I am the parent of two autistic children, one of whom is Asperger’s, now age 22. The hardest part about my son’s transition into young adulthood was just letting go. As most parents of special needs children, I over-functioned for him – big time.

Not only did I protect him from children who bullied him and doctors and psychiatrists who just didn’t seem to get him, but I did things for him he simply couldn’t do for himself.

For example: tying his shoes. He didn’t have the coordination or patience to learn, so to avoid a tantrum and the inevitable meltdowns, I tied them for him.  Sometimes you forego the war to win the battle. As he got older and was more capable of taking care of himself, my over-functioning for him didn’t go away.  This made him regressive, until he finally informed me in no uncertain terms to stop treating him like a baby.

My real slap in the face about letting him go was when he turned 16.  He went to a special needs boarding school for four years, where he developed quickly because he was forced to be challenged and live up to his potential.
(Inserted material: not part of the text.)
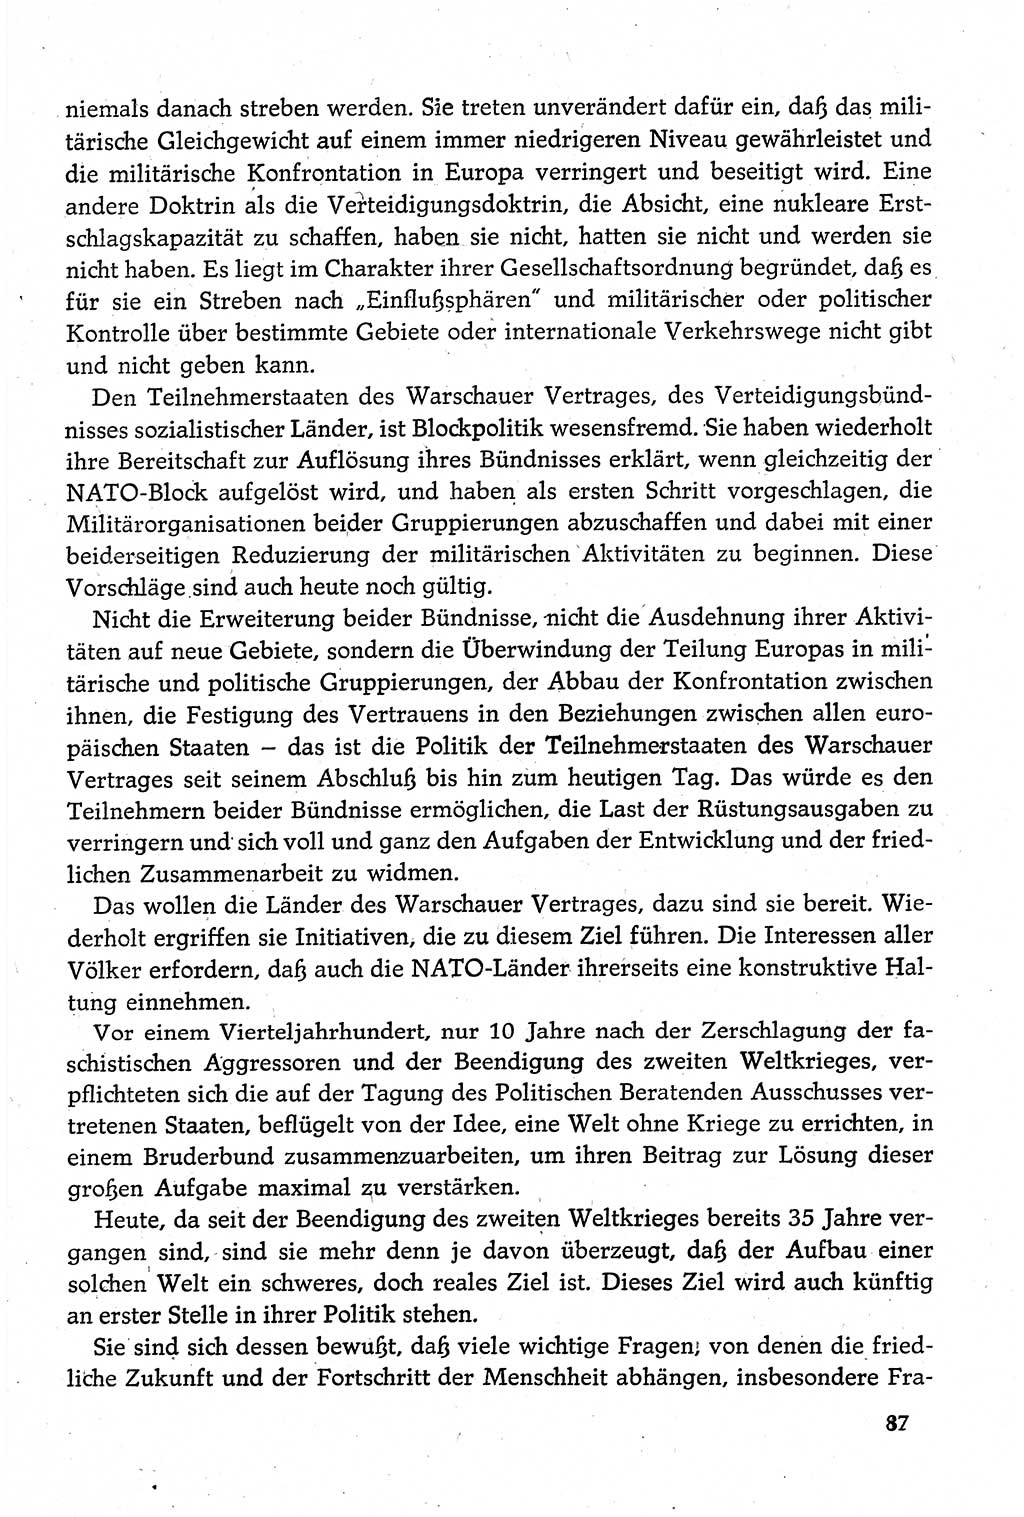 Dokumente der Sozialistischen Einheitspartei Deutschlands (SED) [Deutsche Demokratische Republik (DDR)] 1980-1981, Seite 87 (Dok. SED DDR 1980-1981, S. 87)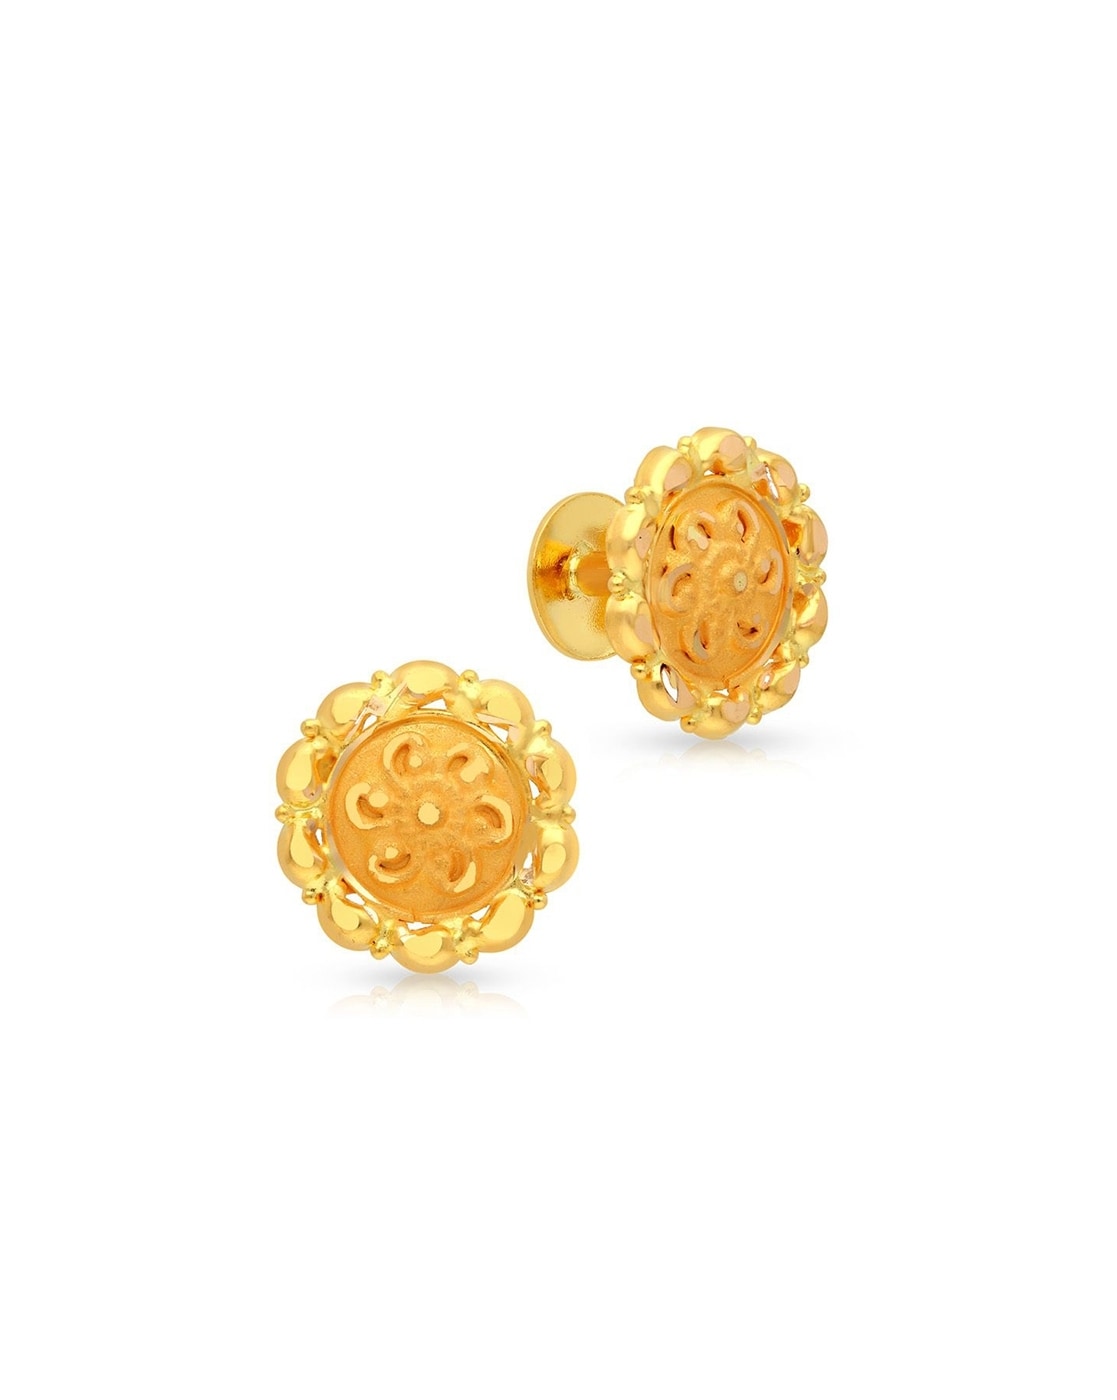 Shop Floral Swirls Diamond Stud Earrings Online | CaratLane US

When he left, I was terrified! Did I make a mistake in sending him? Should I have kept him at home even though it was clear that he was making absolutely no progress in the schools in our city? After the reassurance of all of the progress he was making, letting go got easier, but my mommy reflexes still kick in at the slightest provocation and I have to be constantly on guard against them.  They are no good for him and no good for me.

When he finished that program, there was the question that faces the parents of all autistic children:  what now?  How can he go further in life, get a job and, if not, lead a full and productive life?  We were very fortunate in finding a terrific residential community, where the excellent staff has helped him continue his progress and find work training experience. Now he has a wonderful job, participates in Special Olympics and he has even developed some friendships.

Here are lessons I learned throughout this lengthy, but ultimately very rewarding journey with my autistic son as he grew into an adult:

  • Medication and puberty: As puberty sets in, medication regimens can go haywire for a lot of teenagers.  What worked before literally stops working, in many cases.  Observe the changes carefully – good or bad – and work closely with your child’s doctor.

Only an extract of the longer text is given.